Подъезжая 3-го октября к Пишпеку, Пржевальский заметил стаи фазанов и решил на следующий день приехать сюда на охоту. Действительно, отправившись на станцию Константиновскую около полудня, он проохотился до ночи и настолько удачно, что сопровождавший его казак принёс целый мешок убитых фазанов.

«Ну, потешился же я», – говорил он Роборовскому, – пострелял сегодня на первый раз хорошо, завтра чуть свет ещё пойдём. Только ужасно жарко, совсем вспотел».

Следующий день Николай Михайлович почти весь провёл на охоте, было настолько жарко, что китель и бельё сделались совершенно мокрыми от пота. При этом он все время пил воду из реки Чу, которая даже и у туземцев считается вредной в сыром виде. Вообще местность около Пишпека, а в особенности в кустарниковых зарослях, где охотился Николай Михайлович на фазанов, – болотистая и нездоровая, а всю зиму 1887 г. у киргизов, живущих здесь, свирепствовал тиф.

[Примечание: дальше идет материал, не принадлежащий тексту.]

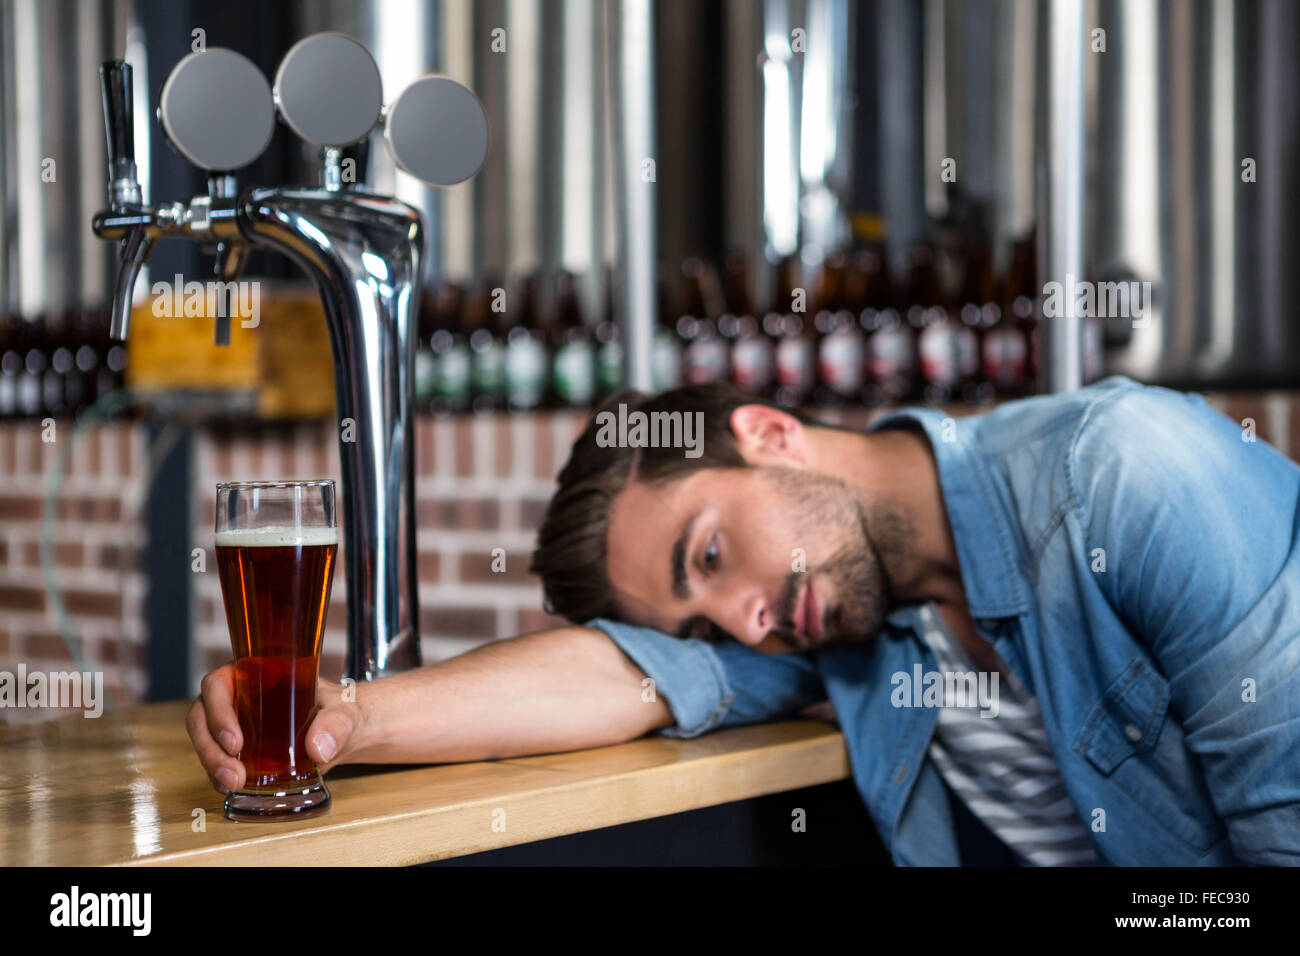 Tired man leaning on counter Stock Photo - Alamy

14-го октября путешественники со всем отрядом и с багажом переселились из города на бивуак, и Николай Михайлович написал свой первый приказ на путешествие по экспедиционному отряду. В нём он перечислял поимённо всех лиц, вошедших в его состав, распределил между ними занятия во время путешествия и проч.

«Итак, – писал он в заключение, начинается наше путешествие. Дело это будет труднее, но зато и славное. Теперь мы на виду не только всей России, но даже целого света. Покажем же себя достойными такой завидной участи и сослужим для науки службу молодецкую… Впереди, на целых два года, нас ждёт непрерывный ряд трудов, лишений и опасностей, но помните, что смелым Бог владеет и что за Богом молитва, а за Царём служба – не пропадают» [691].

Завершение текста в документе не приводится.